Телохранитель ДеВар и наложница дворца Перрунд находились в одном из потаенных мест дворца. То была старая секретная комнатка в одном из нижних этажей размером со стенной шкаф, примыкавшая к общим помещениям в изначальном доме, вокруг которого впоследствии и был построен дворец.
Сохраненные скорее по сентиментальным, чем по практическим соображениям первым монархом Тассасена и из безразличия — следующими правителями, комнаты, казавшиеся столь великолепными первому королю, для новых поколений стали слишком маленькими и тесными и сегодня использовались как кладовые.
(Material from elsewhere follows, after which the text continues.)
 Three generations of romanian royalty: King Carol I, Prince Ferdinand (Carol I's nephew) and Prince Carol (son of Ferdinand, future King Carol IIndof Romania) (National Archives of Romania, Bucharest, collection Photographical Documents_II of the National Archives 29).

Крохотная комнатка служила для того, чтобы тайно следить за людьми. Из нее подслушивали. Но в отличие от алькова, из которого ДеВар бросился на убийцу из морской компании, это помещение предназначалось для благородного наблюдателя, чтобы тот мог удобно сидеть, через маленькое отверстие в стене (закрытое снаружи гобеленом или картиной) слушая, что говорят о нем его гости.
Перрунд и ДеВар оказались здесь, после того как наложница попросила его показать ей помещения дворца, обнаруженные им в ходе изысканий, о которых ей было известно. Увидев эту крохотную комнатку, она вспомнила о секретном алькове в их доме, куда родители спрятали ее, когда город во время войны за наследство подвергся разграблению.
— Если б я знала, кто эти люди, стал бы ты моим заступником, ДеВар? Отомстил бы за мою честь? — спросила она его.
Он заглянул ей в глаза. В сумерках потайной комнаты они горели удивительно ярко.
— Да, — ответил он. — Если б я знал, кто они. Если б ты была уверена. А ты бы попросила меня об этом?
Она ожесточенно покачала головой и отерла рукой слезы.
— Нет. Те, кого я смогла опознать, все равно уже мертвы.
— И кто они были?
— Люди короля, — сказала Перрунд, не глядя в глаза ДеВару, словно сообщая это маленькому отверстию, сквозь которое древний аристократ подслушивал, что говорят о нем его гости. — Люди прежнего короля. Один из его военачальников-баронов и его друзья. Они руководили осадой и взятием города. Явно были в фаворе у короля. Не знаю уж, какой доносчик сообщил им, что в доме моего отца — самые красивые девушки в городе. В первую очередь они заявились к нам, и отец попытался откупиться от них деньгами. Им это страшно не понравилось — торговец предлагает деньги аристократам! — Перрунд опустила глаза на колени, где рядом со здоровой рукой, все еще влажной от слез, лежала усохшая, в повязке. — Со временем я узнала их имена. Все из самых благородных родов. Они погибли затем в боевых действиях. Я пыталась убедить себя, что мне доставили радость известия о первых смертях. Но это было не так. Я не могла радоваться. Я не чувствовала ничего. Тогда-то я и поняла, что мертва внутри. Они посеяли во мне смерть.